EXERCISE = Reproduce the listing below character for character; drop every image.

SUPPLIED MATERIAL =
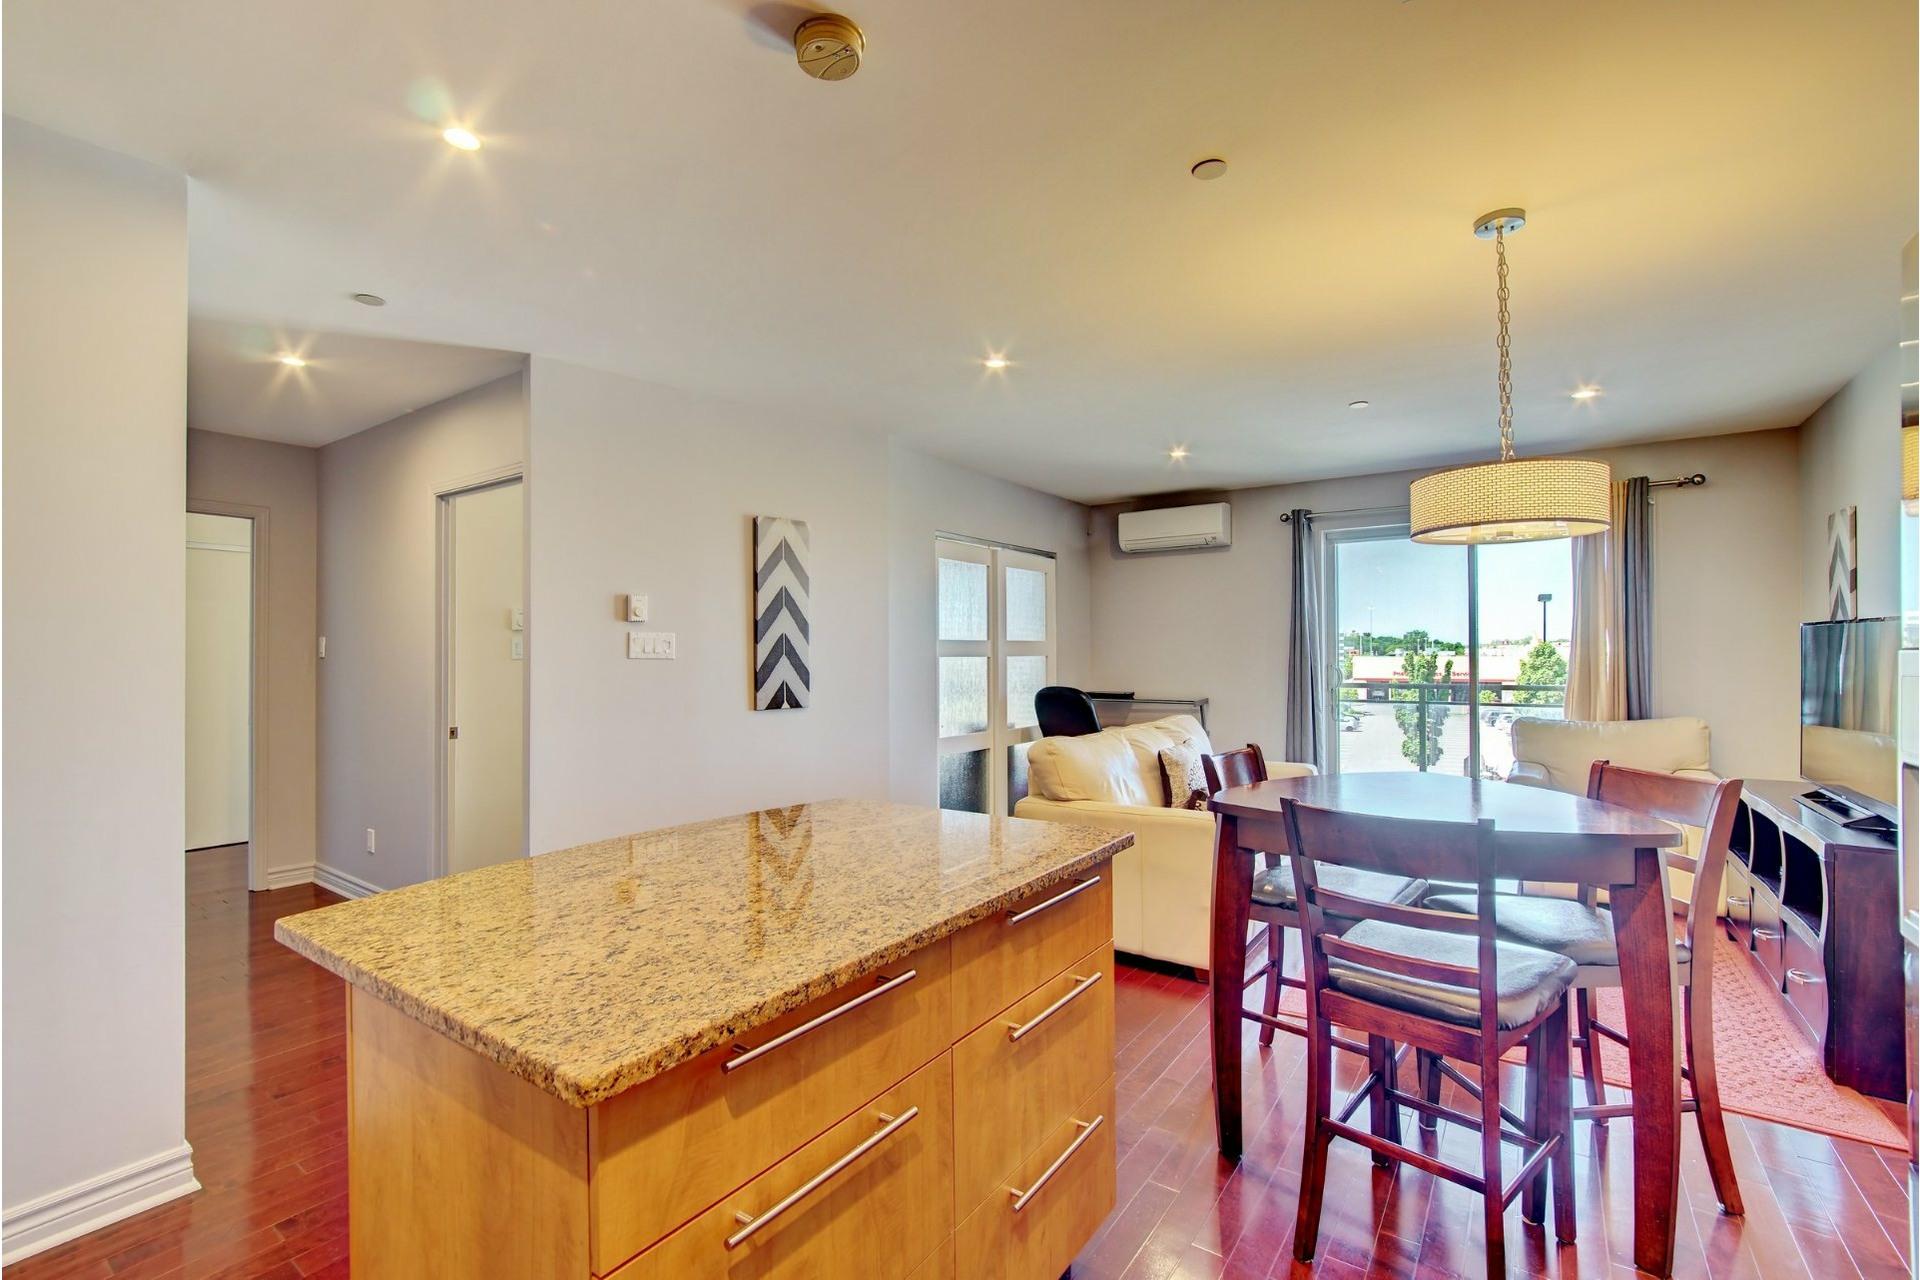 image 6 - Apartment For rent Laval-des-Rapides Laval  - 5 rooms
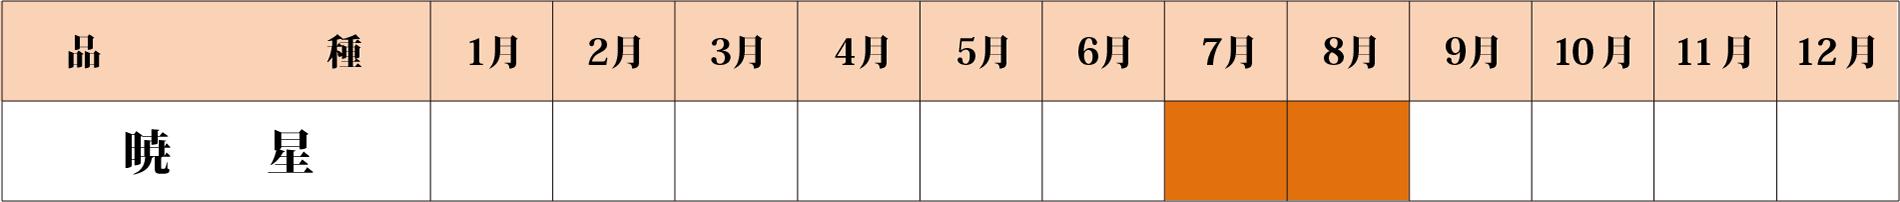 暁星カレンダー
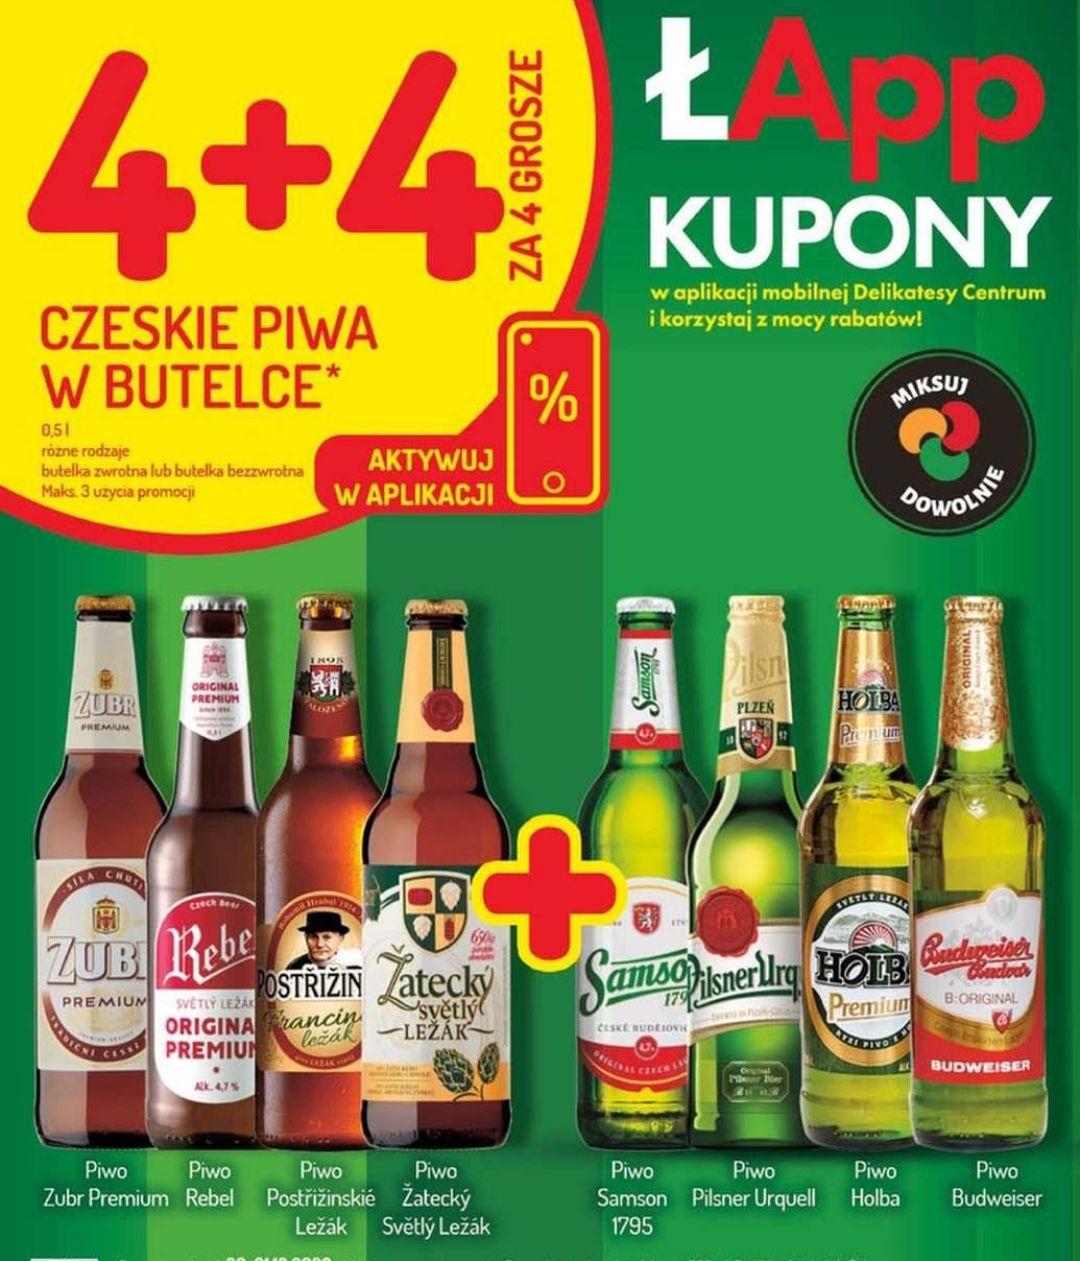 Czeskie piwa w butelce 4 + 4 za darmo (4gr) mix dowolnie - Mila
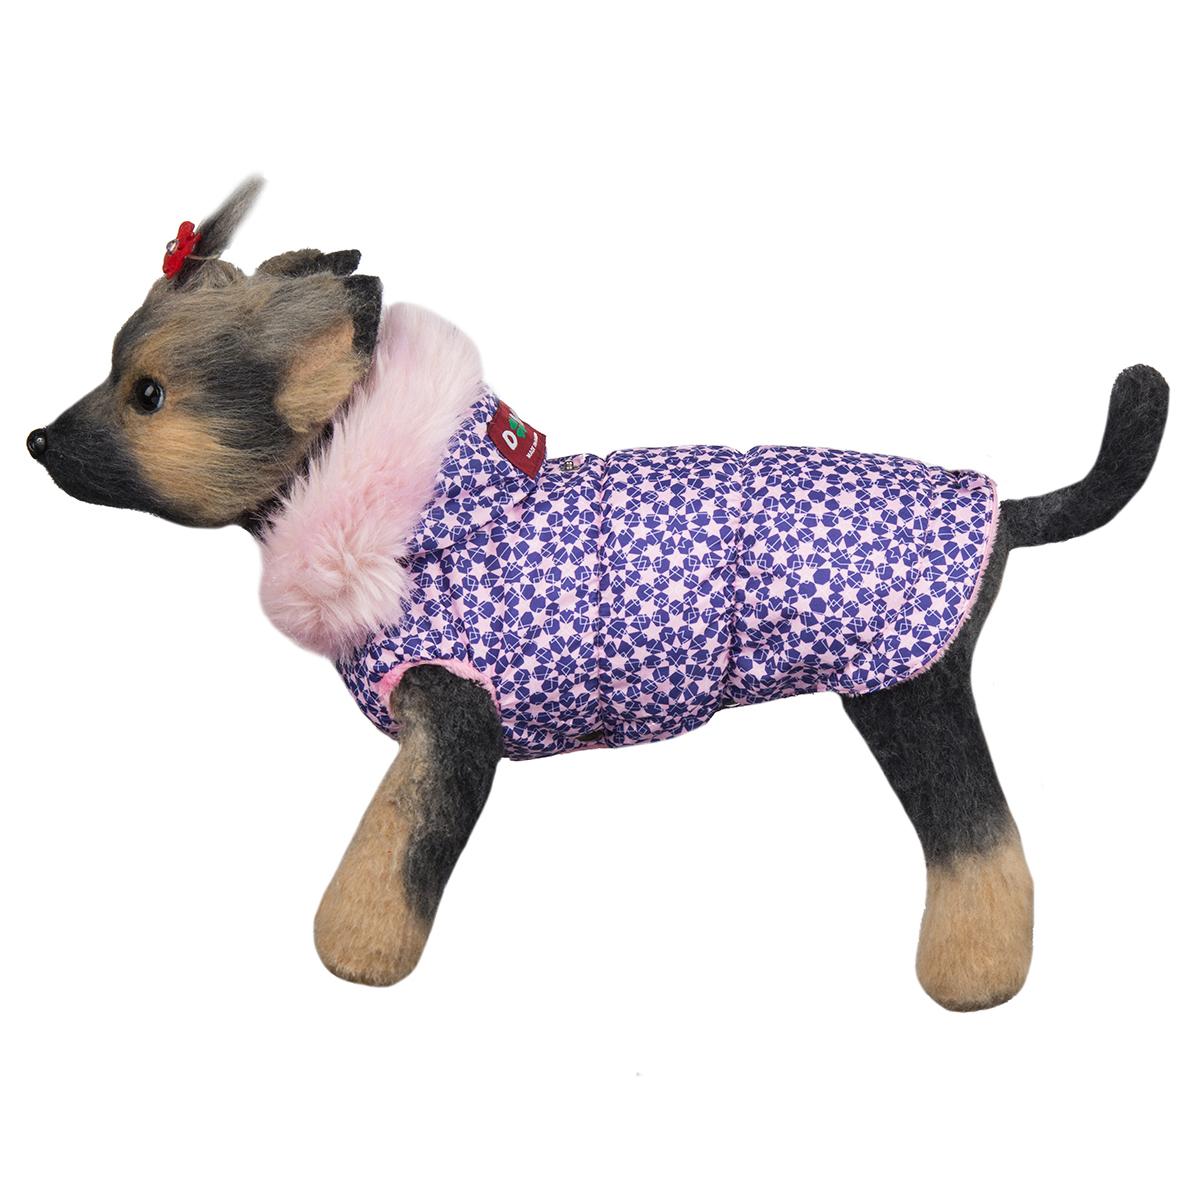 Куртка для собак Dogmoda Аляска, для девочки. Размер 5 (ХXL)0120710Куртка для собак Dogmoda Аляска изготовлена из полиэстера водоотталкивающего типа. Для подкладки был использован синтепон и искусственный мех. Изделие легко одевается и снимается, не доставляя неприятных минут хозяину и его питомцу. Технология пошива аляски не стесняет движений и позволяет весело бегать наперегонки с четвероногими друзьями. Непрерывный теплообмен обеспечивает сохранение свежести кожного покрова, который у маленьких собачек особенно чувствителен и уязвим. Светлые, мягкие и яркие тона аляски будут гармонировать с веселостью и подвижностью домашнего любимца на прогулке. Одежда надежно защитит собачку от пронизывающей зимней стужи и позволит от души наслаждаться свежим снегом и длительным пребыванием на прогулке в морозный день.

REPLY =
 image 6 - Apartment For rent Laval-des-Rapides Laval  - 5 rooms
 暁星カレンダー
 Czeskie piwa w butelce 4 + 4 za darmo (4gr) mix dowolnie - Mila
 Куртка для собак Dogmoda Аляска, для девочки. Размер 5 (ХXL)0120710Куртка для собак Dogmoda Аляска изготовлена из полиэстера водоотталкивающего типа. Для подкладки был использован синтепон и искусственный мех. Изделие легко одевается и снимается, не доставляя неприятных минут хозяину и его питомцу. Технология пошива аляски не стесняет движений и позволяет весело бегать наперегонки с четвероногими друзьями. Непрерывный теплообмен обеспечивает сохранение свежести кожного покрова, который у маленьких собачек особенно чувствителен и уязвим. Светлые, мягкие и яркие тона аляски будут гармонировать с веселостью и подвижностью домашнего любимца на прогулке. Одежда надежно защитит собачку от пронизывающей зимней стужи и позволит от души наслаждаться свежим снегом и длительным пребыванием на прогулке в морозный день.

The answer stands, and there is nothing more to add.